As for GDP Growth Rate, I used cut-offs of -7, 0 , 2, 4, 25.  I included negative growth values because I am interested if there is a relationship there. Otherwise, since most economists seem to agree that 2~4% GDP growth is ideal, anything below will be low economic growth and anything above will be high. These cut-offs actually divided the countries fairly evenly between low, medium, and high growth rates.

GDP Growth Rate – # of Countries by Ranking
None:            12
Low:              29
Medium:      20
High:             38

Using the cross tabs function, I was able to create two tables for my variables – between urbanization and GDP and between urbanization and GDP Growth: As the tables show, there appear to be some relationship between urbanization and absolute GDP and GDP growth rate of a country. This was confirmed by the chi-square tests, with p-values of 0.00217 and 0.009138 respectively. With p-values below the 0.05 threshold, this means I need to perform post-hoc tests.

This is the hard or rather, tedious, part of the process. With Python and SAS, there are no easy formulas or programs to run to perform pair-wise comparisons simultaneously.
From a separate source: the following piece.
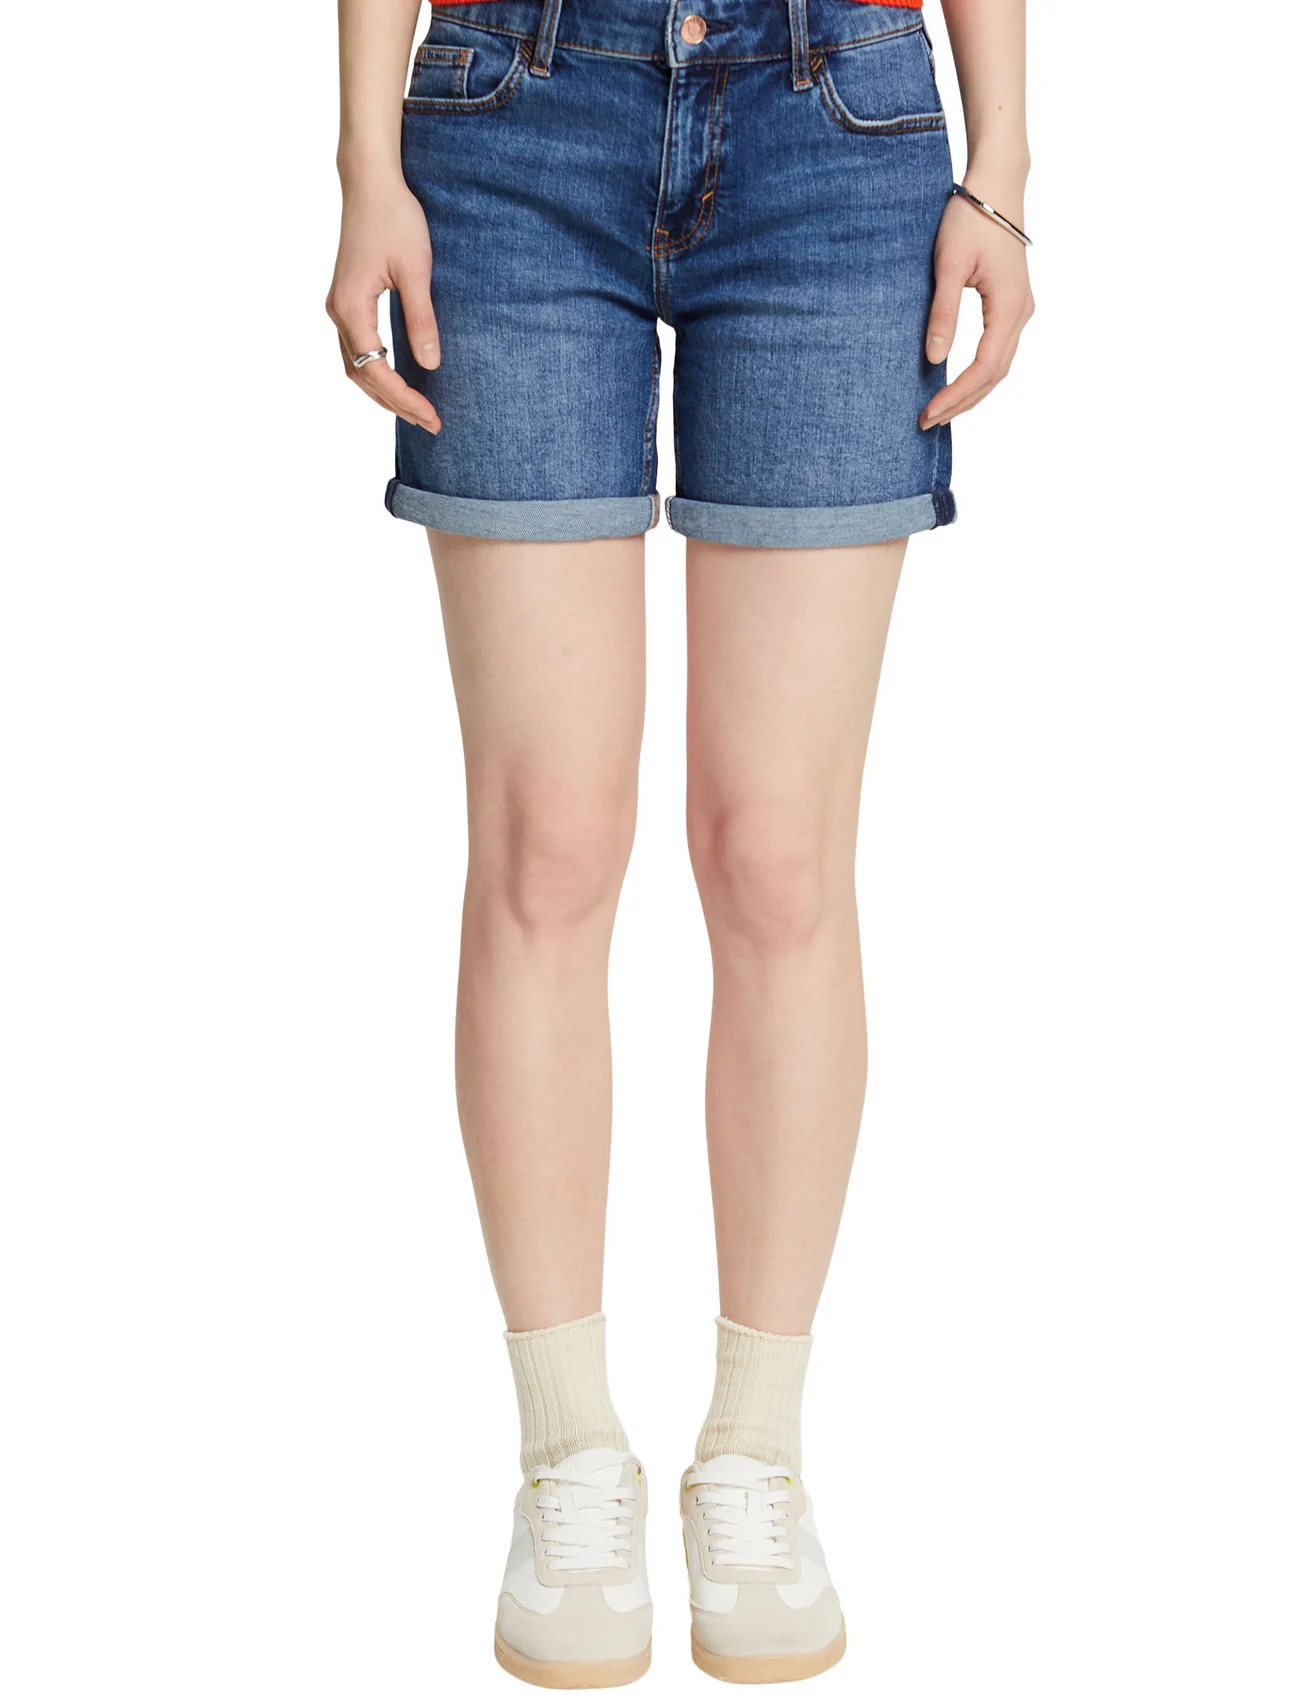 Esprit Casual - Shorts denim - jeansowe szorty - blue medium wash - 1

I must admit, I am not very familiar with Chi-Square Tests and its post-hoc tests, so if anyone sees a mistake, please correct me! It will be much appreciated, especially since I am working with multiple levels in both my response and explanatory variables.

With GDP and Urbanization Rate, I worked with a 3×3 table and nine pair-wise comparisons. This meant an adjusted p-value of 0.05/9 or 0.0056. After running the program, two comparisons differed significantly from the rest, which is countries with a low urbanization rate and those with a high urbanization rate.

URCOMP1v3
GDPCOMP1v2
chi-square value              p value
10.536585365853659        0.0011703444685277223

URCOMP1v3
GDPCOMP1v3
chi-square value              p value
7.9856792531434628       0.0047148802335932527

On the other hand, GDP Growth Rate was a 3×4 table and had 18 pair-wise comparisons. The adjusted p-value is o.05/18 or 0.0028. Here there was only one comparison that stood out from the rest and that is between countries with low urbanization rates and with medium urbanization rates. The effect is most pronounced in producing either negative GDP growth rates or very high GDP growth rates.

URCOMP1v2
GRCOMP1v4
chi-square value              p value
8.9358990147783235       0.0027961980818559736

These findings seem to correlate with the ANOVA findings, where these is a relationship between urbanization and the economy. This effect is most significant in countries with either low urbanization or high urbanization. I believe as we move on to quantitative to quantitative tests, more light can be shed on the relationships. By categorizing data, I have influence on the data analysis because I am choosing the cut-off points. So, these results may not reflect the true nature of the relationships between urbanization and economic growth.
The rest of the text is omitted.